Getting to the start:
Access through Mont Rochelle Nature reserve on the Franschhoek Pass.

Best time to go:
Multi-day, so prepare for all types of day/night conditions. Best season would be Spring or Autumn, with fair water volumes on the mountain, and not too much heat or cold. Snow trekking the traverse is also possible in Winter, but be prepared - gear-wise.

Cost (per person):
Free!

Special permissions / permits:
Yes. Mont Rochelle Nature Reserve (obtained at the gate), and CapeNature's Hawequa Nature Reserve.

Booking in advance with Mont Rochelle is not necessary, but inform CapeNature in advance so that they are aware of your presence in the reserve.
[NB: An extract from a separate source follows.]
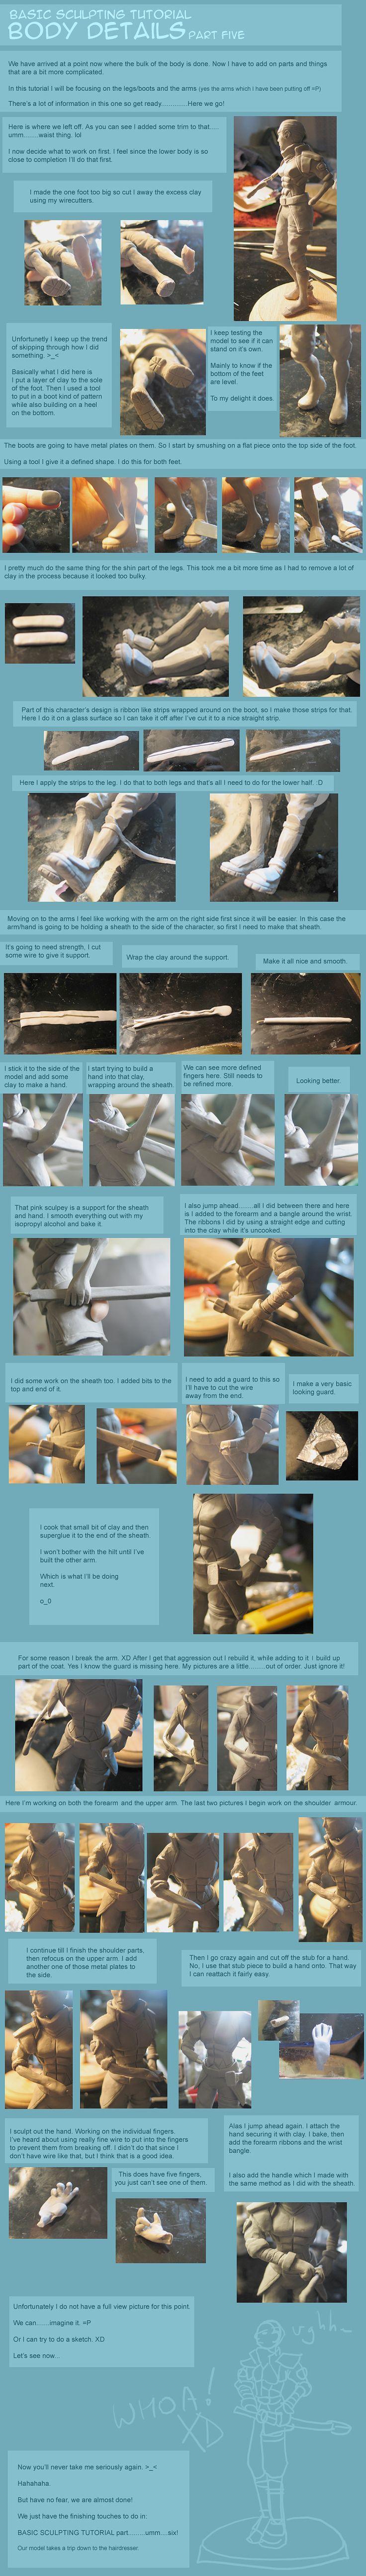 Tutorial 5 - Body Details by =Rennard

A quick note about safety:
Highly recommended to do an adventure like this with a group as there are no escape routes along the way except down to the MCSA Cape Town's Agtertafelberg hut, which is a good 2 days trek from the start at Mont Rochelle. If anything goes wrong and you're on your own out there, the chances of another hiker coming across you are incredibly slim.

Pro tips:
Don't do this without ample experience backpacking in the mountains. This is not a first-time overnighting experience. If you are wondering what sort of equipment to bring or whether you are fully geared for an adventure like this, then you likely don't have sufficient experience. The terrain is tough, and the distances are long, so be sure to bring a thick skin and a great attitude.